NY Conversation August 2010

Death Row Records CEO and all-round uberthug Suge Knight once described Compton as “like the ocean… It’s real pretty, but, anytime, something can happen.”

You could apply the same analogy to New York. A couple of weeks back, I was planning an expedition to the Bronx to interview a veteran graffiti crew for a new magazine that’s launching here in September. This was exciting for a number of reasons – a chance to visit a new area; a chance to speak to a really interesting interviewee; a chance to see my name in print here. I spent the day before researching, reading up on the history of the artists and their work.

The next morning, I packed my Dictaphone carefully, made sure I knew where I was going, and headed to the station. Just before I was due to jump on the subway, I double-checked the crew’s Facebook page to make sure there weren’t any new projects that I should know about.

Instead, I found page after page of tributes. It turned out that the son of one of the group’s founders had been shot dead at a barbecue the night before, hit by stray gunfire when an argument broke out and two men pulled guns. He wasn’t involved in the dispute – he was just in the wrong place at the wrong time.

I called into the magazine and told them what had happened. Of course, I didn’t go; instead, I spent an hour or so reading about what had happened. The murder remains unsolved. It was one of four killings in New York that day, brief ripples on the surface of the ocean that soon dissipate and are lost. Most of them you never hear about at all.

I’ve never once felt really unsafe in New York; but nor have I ever doubted that all I’m seeing is the surface. There are layers and layers, undercurrents that you’d miss if you didn’t know what to look for. There’s the spectacularly ghetto barber’s shop a few doors down that seems to do a roaring trade at all hours of the evening; the ice cream van that spends its days going round and round the neighbourhood; the dudes who occasionally stand on the corner and look me up and down as I walk by, looking like they’re about to say something then deciding against it.

A week or so after the shooting, I did make it uptown to do the interview, and it was an experience. Unlike Manhattan, the Bronx isn’t flat; you can stand at the top of a hill and look down to the gleaming spires of the island, the skyline almost lost in the haze, a few miles and a world away.

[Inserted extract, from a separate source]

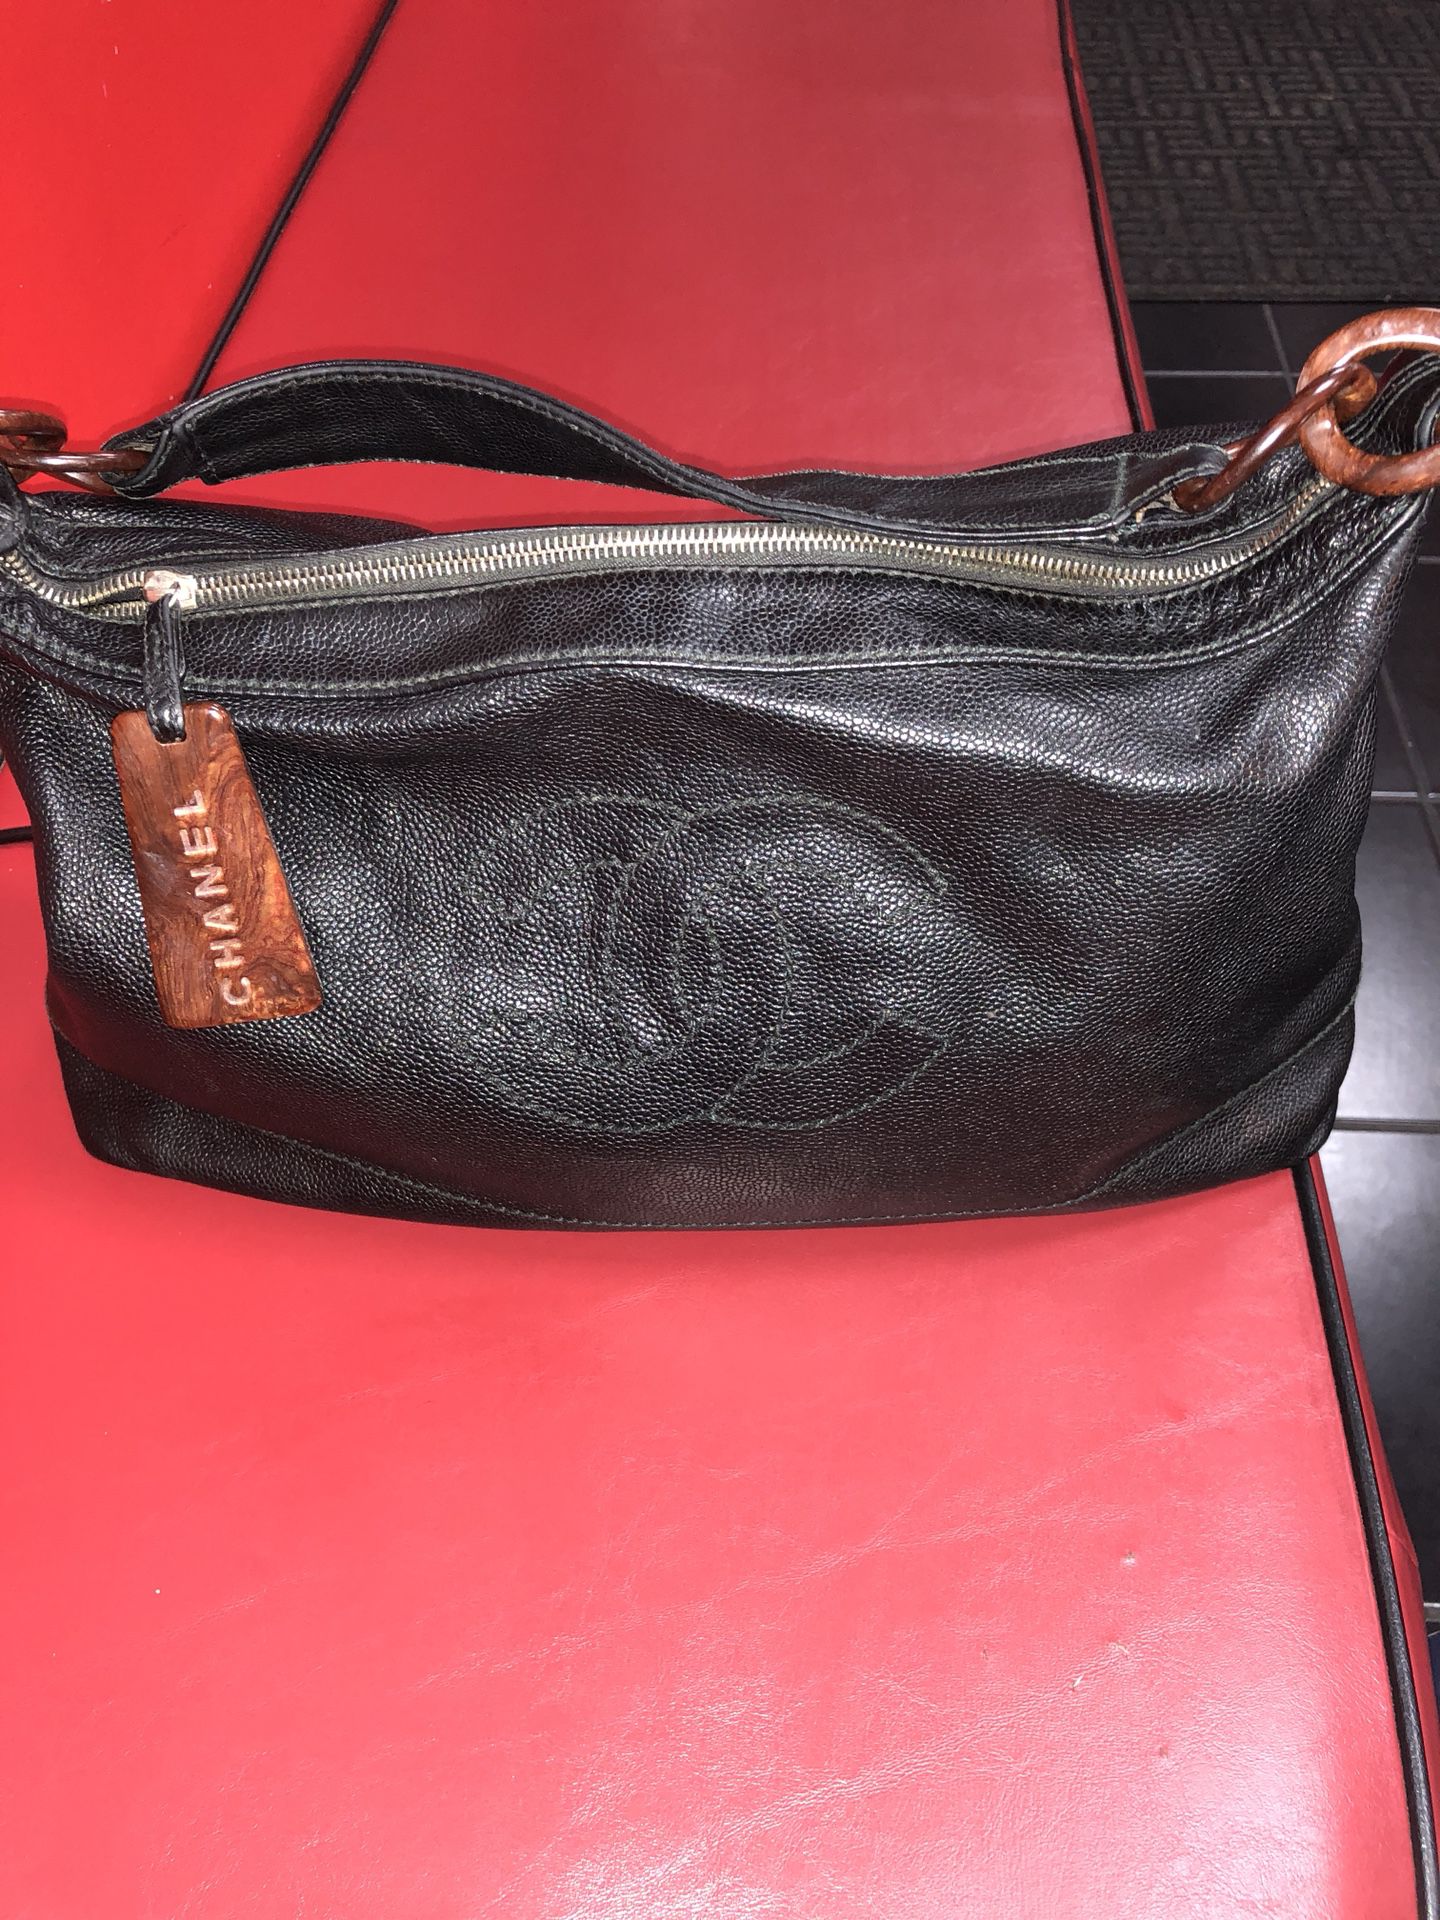 Classic Chanel Bag Authentic original

The degree of poverty in some parts of New York is startling – as I discussed here last month, there are areas that look more like shantytowns than districts of the Western world’s financial nerve centre. The part of the South Bronx that I visited wasn’t nearly that decrepit, but whereas Manhattan and Brooklyn feel like they could exist in Australia, this place most definitely didn’t – or, perhaps, it would be at the core of one of those outer suburbs of Melbourne that relatively few people from the heart of the city ever visit.

I didn’t speak to the artist who lost his son, but I spoke to one of his colleagues, who was friendly and fascinating. We talked about the history of graffiti and the way that it has evolved in parallel with New York over the years, about how both the art form and the city have changed. Graffiti walls now fetch thousands of dollars at auction, and New York is no longer the decaying, near-bankrupt metropolis in which teen artists splashed the first murals on derelict subway cars. Rudolph Giuliani remains a polarizing figure of Thatcher-esque proportions – some curse at the mere mention of his name, others claim that he’s solely responsible for cleaning up the city – but whatever the reason, NYC has left the bad old days of the 70s and 80s behind. The crack epidemic has receded, and with it violence and gang culture.

But still, every day, somewhere, someone gets swept away by a soundless undercurrent. And soon the ripples disappear, and no-one knows any different.